Based on the test set (Figure 1), there is an observed correlation between the predicted and actual values with R2 value of 0.67. Both curves follow each other closely and an acceptable mean absolute error of 18.917 (<1 SD of 47.704 for the test set distribution). This implies that our RF model is moderately accurate at predicting the LV mass.
Based on the train set (Figure 2), basal metabolic rate (BMR) was the most important feature in determining the LV structure due to its greatest average impact on the model output, as indicated by the mean absolute SHAP values. Other features such as appendicular lean mass (ALM) were found to have unimportant as their mean SHAP values were zero. As a more informative alternative, Figure 3 describes the relationship between the features and their global impact based on the computed SHAP values for each instance. For example, higher BMR contributed to a larger LV mass, showing positive correlation. This is because a high BMR feature value (in red) maps to a higher positive SHAP value, which is equivalent to the positive change in value from the expected LV mass prediction for that observation. On the other hand, a low BMR feature value (in blue) generally maps to a lower SHAP value that falls within the left distribution, where most of them correspond to a negative contribution to the expected output.

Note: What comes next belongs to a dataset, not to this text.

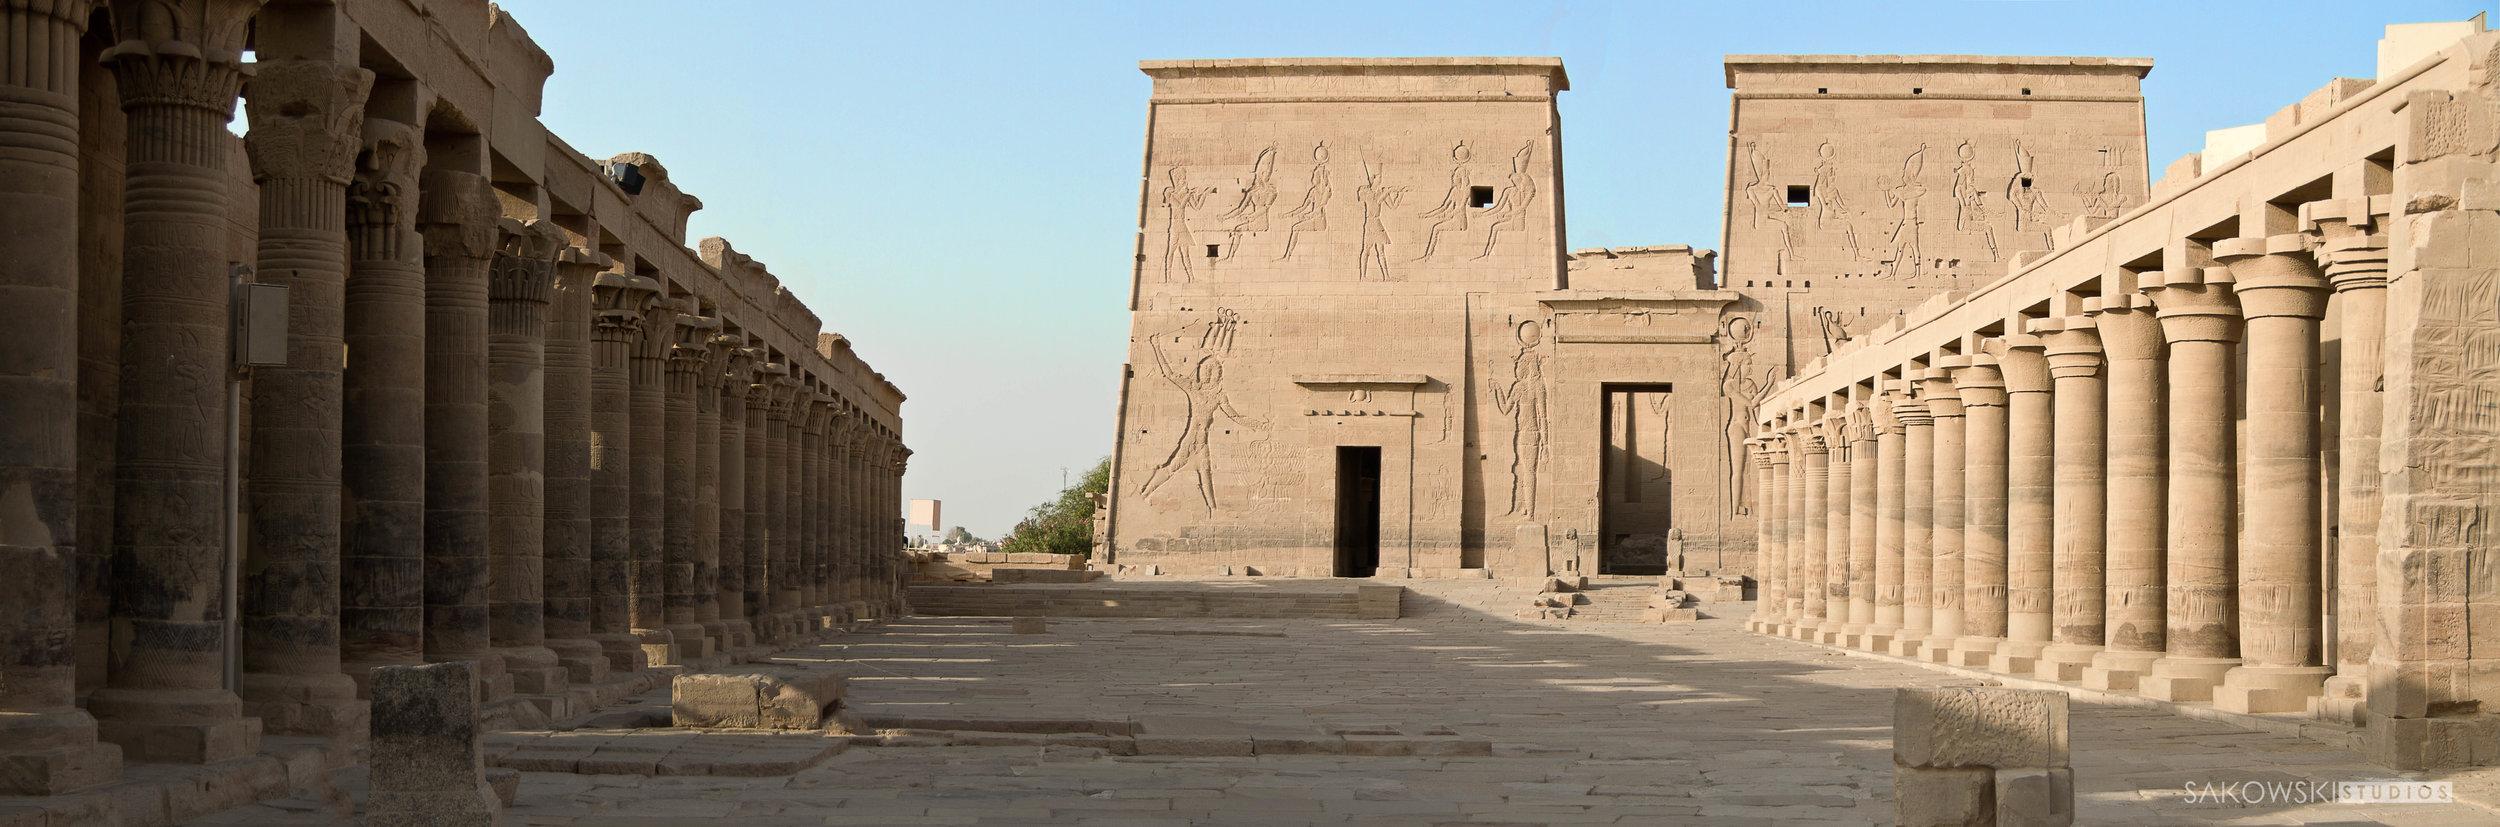 Sakowski_Egypt_03.jpg

Based on the test set (Figure 4), the SHAP TreeExplainer visually provides local interpretability to a model’s prediction for an individual patient in two related flavours. Figure 4A can be thought of as the decomposed version of Figure 4B, detailing the model’s decision in a sequential manner. This is because each of the feature contribution can be independently calculated using SHAP values and then summed up to give the final prediction. For example, when predicting the LV mass for Patient #6, a BMR feature value of 1516 contributed a corresponding SHAP value of 13.04, resulting in a final predicted LV mass of 132. It can also be observed that the effect of BMR for this patient outweighs other weaker positive factors [e.g. Lean T and arm mass (Lean LA)] and negative factors [e.g. skeletal muscle mass (SMM) and body fat mass (BFM)].

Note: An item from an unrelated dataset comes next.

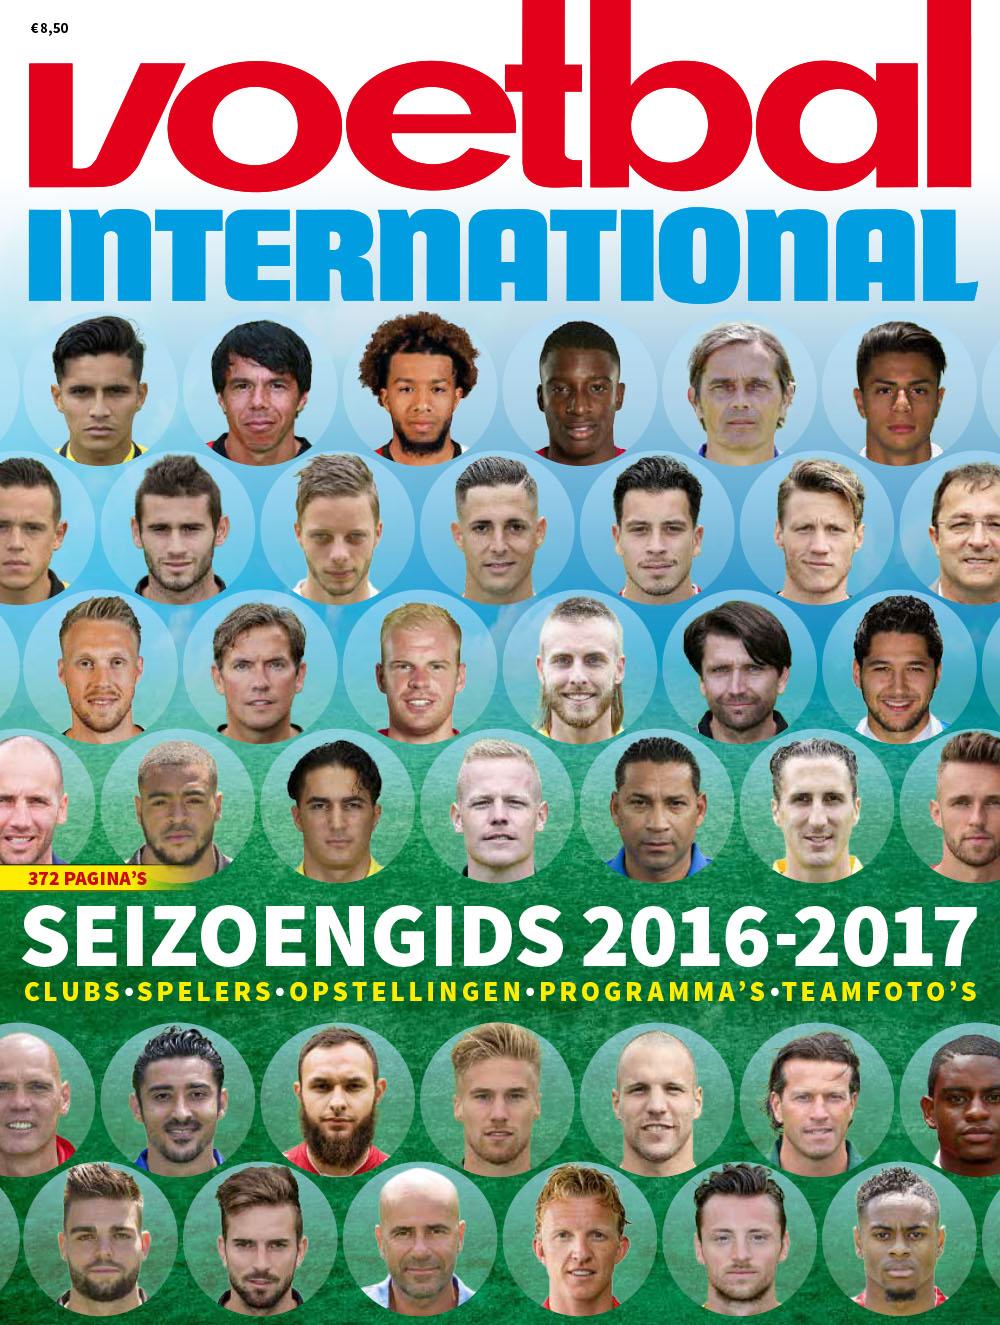 Cover VI seizoengids 2016-2017

Individual force plots can also be combined to produce stacked SHAP explanations, which can be arranged according to their original ordering (Figure 5) or clustering similarity (Supplementary material online, Figure SA). Based on the test set, Figure 5 resembles the line plot for the predicted values in Figure 1, where the vertical axis describes the predicted LV mass by the RF Regressor while the horizontal axis shows the original patient ordering. Each band width implies the magnitude (i.e. effect) of physical parameters (higher in red; lower in blue) towards prediction of their LV structure. Again, using Patient #6 as an example, BMR was observed to be the single predominant positive factor on LV mass, outweighing other weaker positive factors and negative factors. In contrast, LV mass in Patient #11 was predicted jointly by several positive factors (e.g. SMM, BMR, Lean T). This suggests that intervening on these prominent physical functional parameters (in red) would more likely improve the cardiac health state of Patient #11, as opposed to Patient #6 who has less deterministic parameters.
A heatmap plot with the same clustering order, yielding the same curve can also be presented (Supplementary material online, Figure SA). In both figures, clinicians can see that Patients #6, #8, and #12 were grouped as similar instances (renamed as instances 1, 2, and 3, respectively) due to their comparable features after clustering. The clinicians can therefore infer that these patients in the same subgroup can be characterized as having similarly high BMR as the main contributor to their poor cardiac outcome, which also suggests activities that can lower their BMR may be effective for this group of patients.
Discussion
In this exploratory work, we demonstrated the utility of SHAP to enhance interpretation of factors associated with physical activity and cardiac structure.
In contrast to vast volumes of work performed on optimizing model accuracy,1–3 ML work on model interpretability is scarce. However, our work adds to recent work by a handful of others who recognize the value of SHAP for model interpretation. In the field of cardiology, Lu et al.10 used XGBoost regression in conjunction with SHAP analyses to identify heart failure clinical subtypes based on electronic health records. Their model utilized structured data from electronic health records to aid clinicians in detecting heart failure stages but did not include other clinical information. In our work, we studied clinical parameters in conjunction with patient-specific LV structure and determined the relative importance of patient-specific factors. The use of transthoracic echocardiogram11 as an imaging test of choice for LV assessment is an added novelty of our work. Similarly, another recent study used SHAP approach to depict electrocardiographic features associated with LV geometry.12 Taken together, innovative solutions that combine clinical parameters with detailed cardiovascular imaging may represent novel approaches for ML interpretation.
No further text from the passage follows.